In terms of valuation, the market values ​​WOOF at significantly lower valuation multiples than Chewy. In terms of revenue growth, this valuation difference seems valid as WOOF grows more slowly.

The main risk for the company’s prospects is the continuation of the inflationary environment for stocks and the labor force, although in recent months there have been signs of a larger movement of unemployed jobseekers.

While management says it has been able to withstand price increases because of its focus on higher-end customers, I wonder if it will continue to be so as long as inflation persists.

Another risk is increased sales of consumables, which lowers margins compared to other products.

The company says increasing consumables is a strategic advantage as it creates a higher lifetime value for the customer [LTV] compared to other stocks alone.
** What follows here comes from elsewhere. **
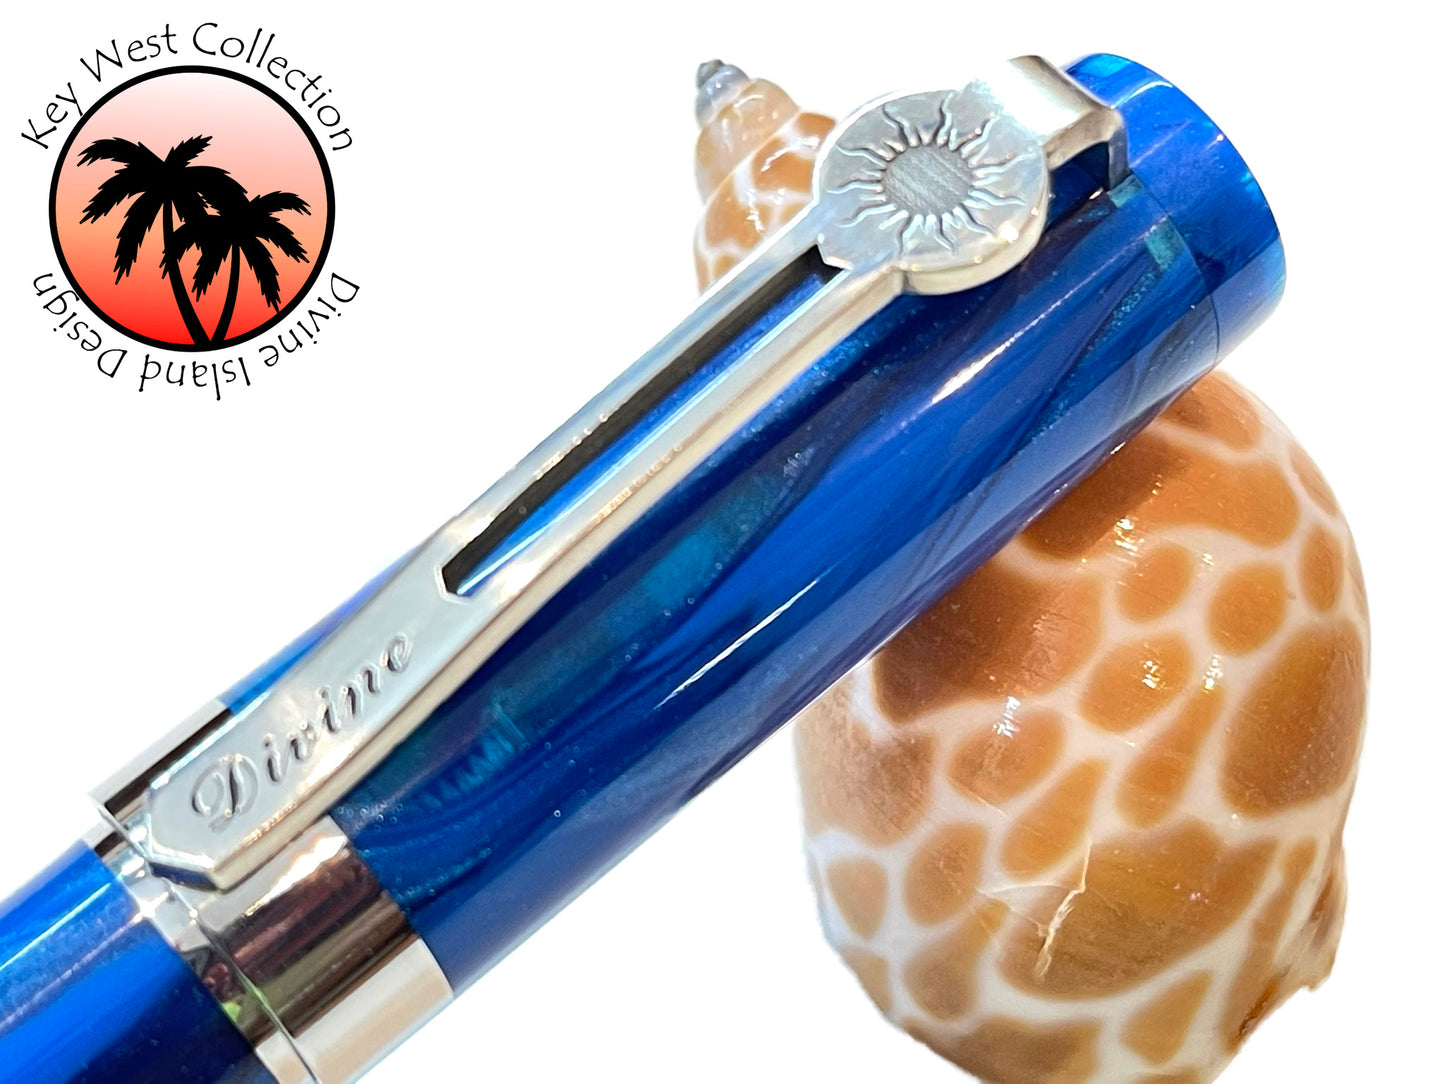 Key West Collection Fountain Pen - "Paradise"

Although I like Petco’s all-channel performance, I still think the company may be on the slow-growing side of the debate just about the web compared to multi-channel.

Until the company can achieve significant volume and growth in retail store activities alone, for example through its veterinary / health / care initiatives, WOOF seems to be stuck in a paradigm of slower growth compared to competitors only online.

For Petca, I am on hold until he shows a higher path of growth.